En résumé, qu’elles se veuillent génériques ou qu’elles aient été développées pour un problème spécifique, il nous semble clair qu’il existe deux grandes familles d’approches : il y a d’abord (1) les approches basées sur la communication et la négociation et (2) celles basées sur l’algorithmie et le calcul. Au tableau 3.1, nous présentons les principales caractéristiques de ces deux familles. La plupart des méthodes peuvent être classées selon l’une de ces familles, bien que certaines possèdent des caractéristiques de chacune d’elles.

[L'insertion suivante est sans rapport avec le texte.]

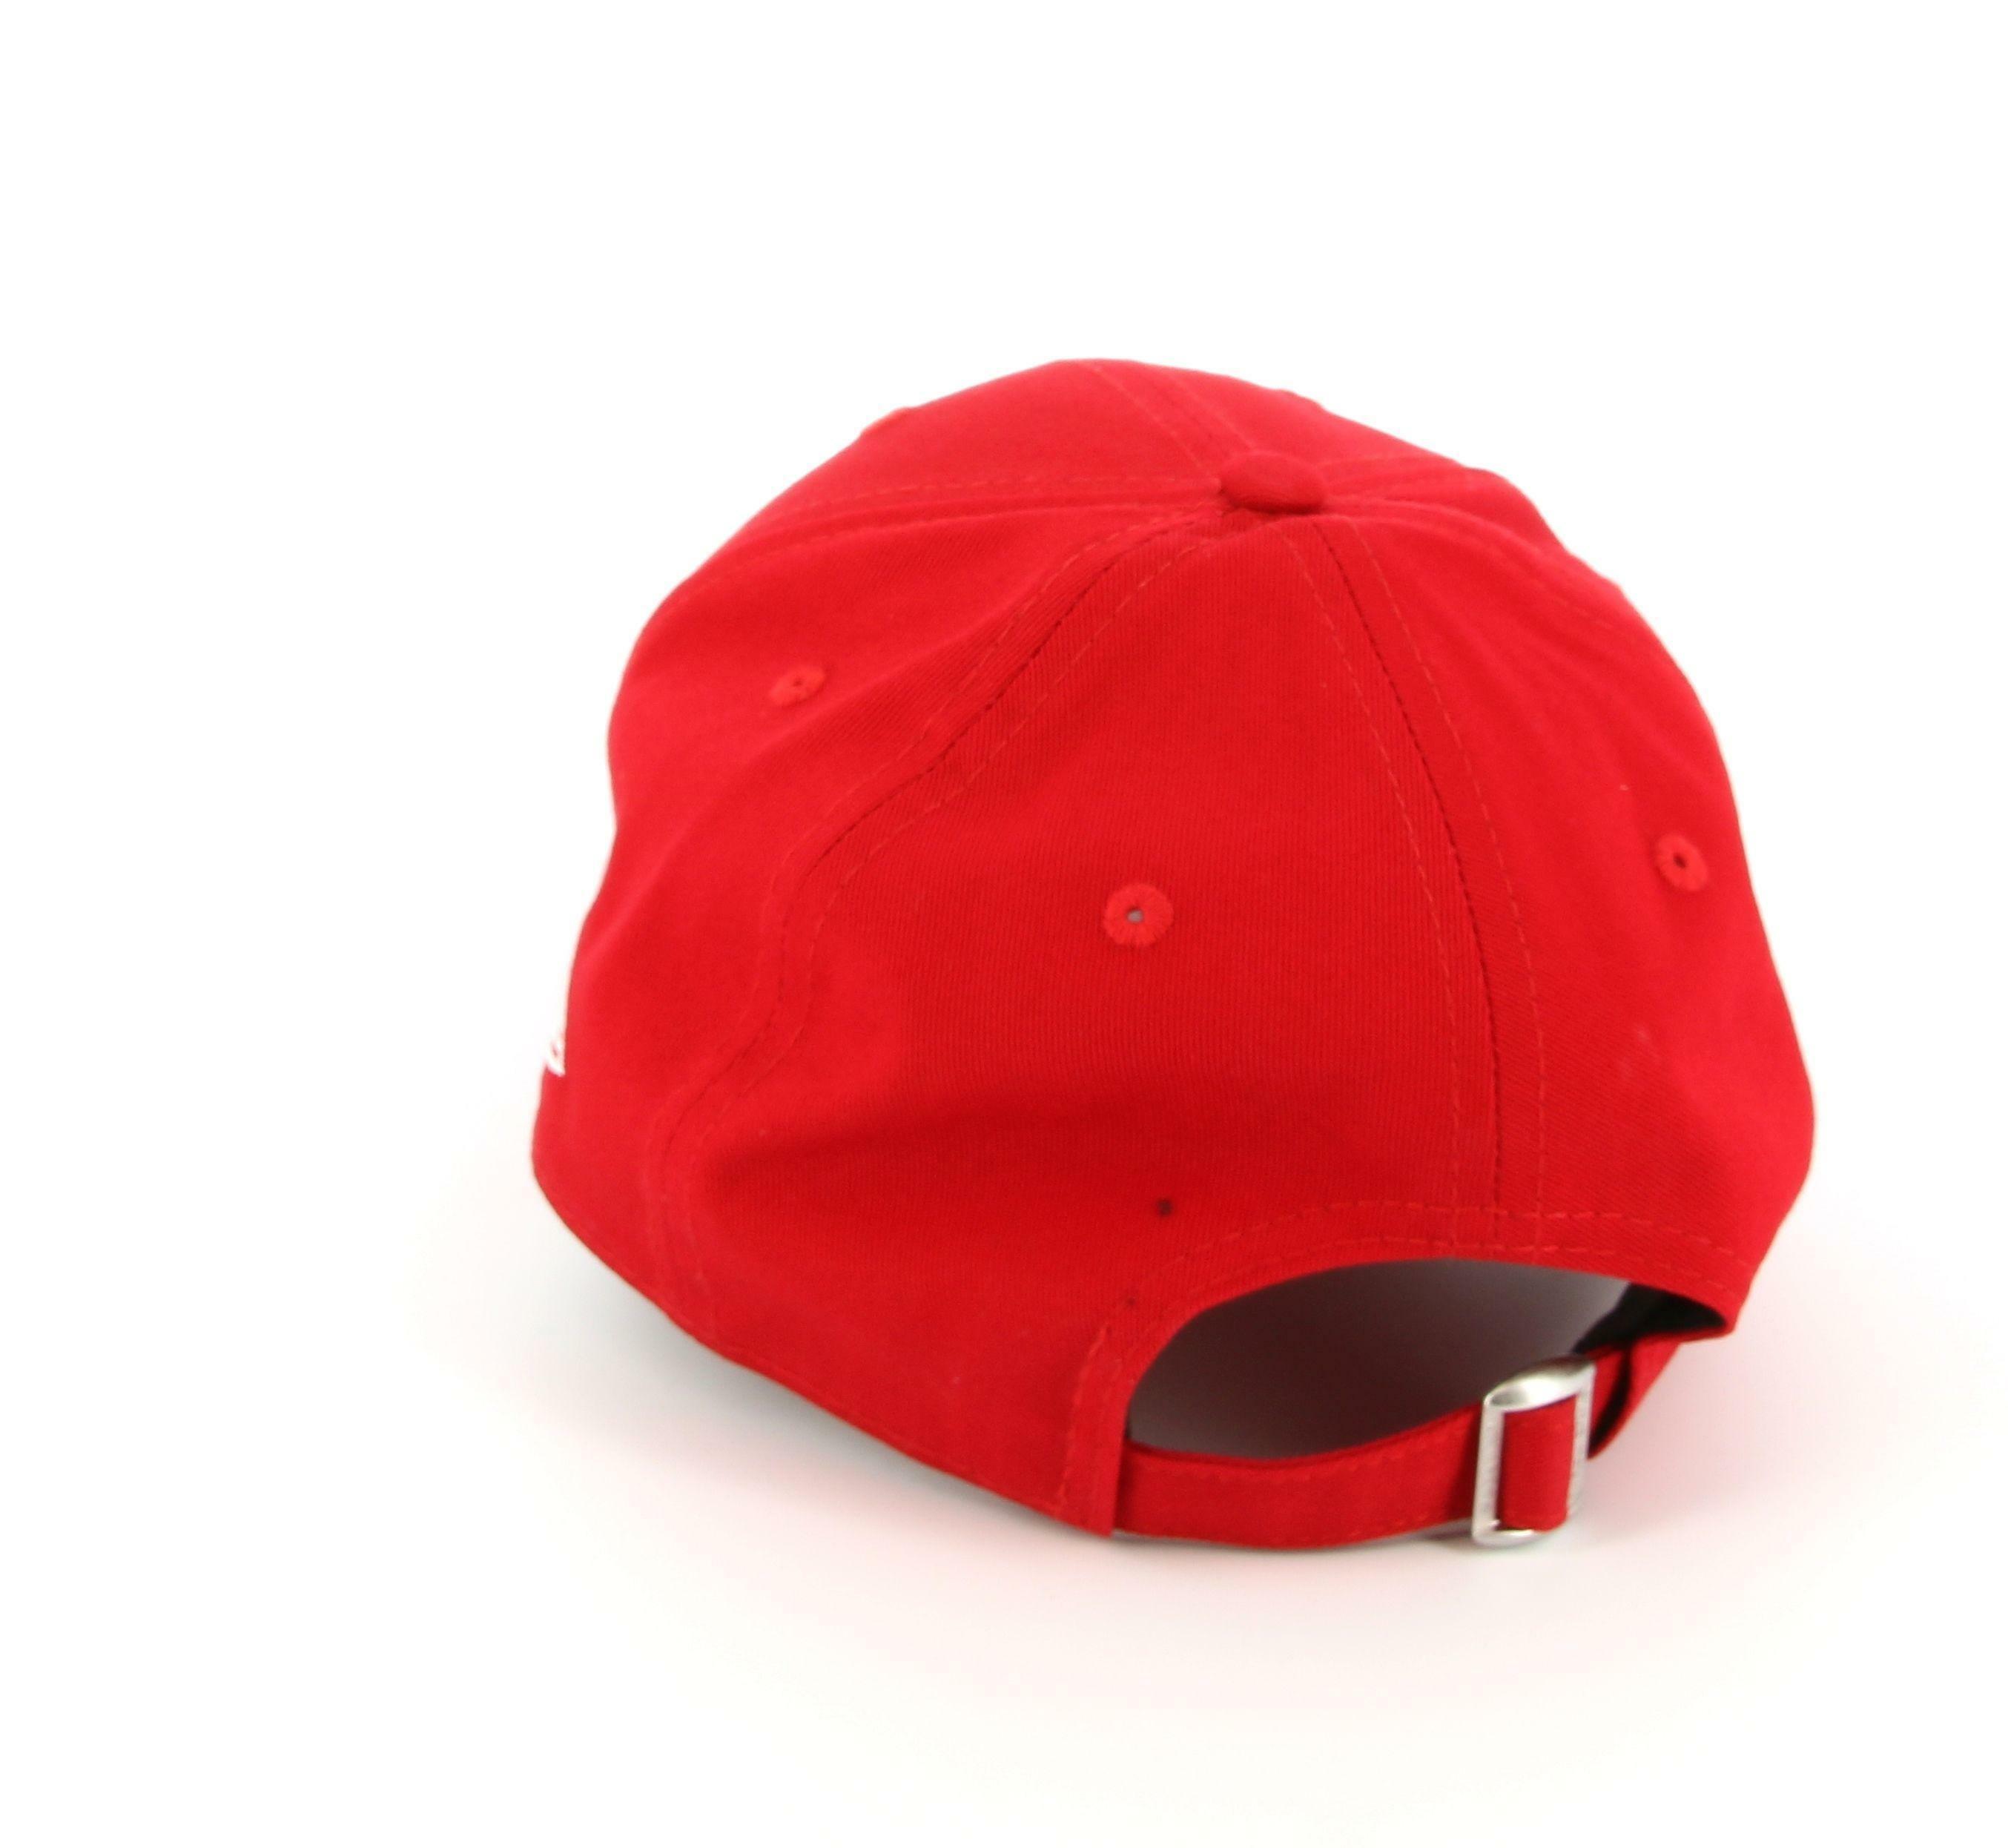 new era new era 10531938 cappello unisex scarlet/white

Nous verrons plus loin que la plupart des méthodes utilisées en pratique pour le problème de coordination de la production s’inscrivent dans le cadre de la première approche. Par contre, la seconde catégorie a l’avantage de promettre des solutions de meilleures qualités. Cependant il y a une difficulté apparente avec ces méthodes à

capturer la nature hiérarchique du problème. Les prochaines sections décrivent ces deux approches avec davantage de détails.

Tableau 3.1. Approches exploitées par les méthodes d’optimisation distribuées.

(1) Approches basées sur la communication / négociation

(2) Approches basées sur l’algorithmie et le calcul

Source d’inspiration pour la création d’une nouvelle méthode

Inspirée des réseaux d’entreprises et/ou des réseaux d’humains, de la façon qu’ils ont de se coordonner.

Souvent basée sur un algorithme d’optimisation centralisé existant.

Conception d’une nouvelle méthode

Identification des objets échangés par les partenaires;

Rôle des agents;

Formalisation du protocole d’interaction.

Spécification de l’algorithme et d’un formalisme pour la description du problème;

Distribution des fonctionnalités entre les agents;

Identification des objets échangés.

Nature des objets échangés entre les agents

Les objets échangés ont un sens du point de vue des affaires

(ex : passage d’une commande).

Les objets échangés ont un sens du point de vue algorithmique / mathématique, mais pas

nécessairement du point de vue des affaires

(ex : échange de coefficients lagrangiens).

Domaine d’application de la nouvelle méthode

Généralement spécifique à un domaine d’application.

Générique, pour peu que le problème puisse être modélisé à l’aide du formalisme décrit par la méthode.

Exactitude de la méthode

Généralement une heuristique. Généralement exacte.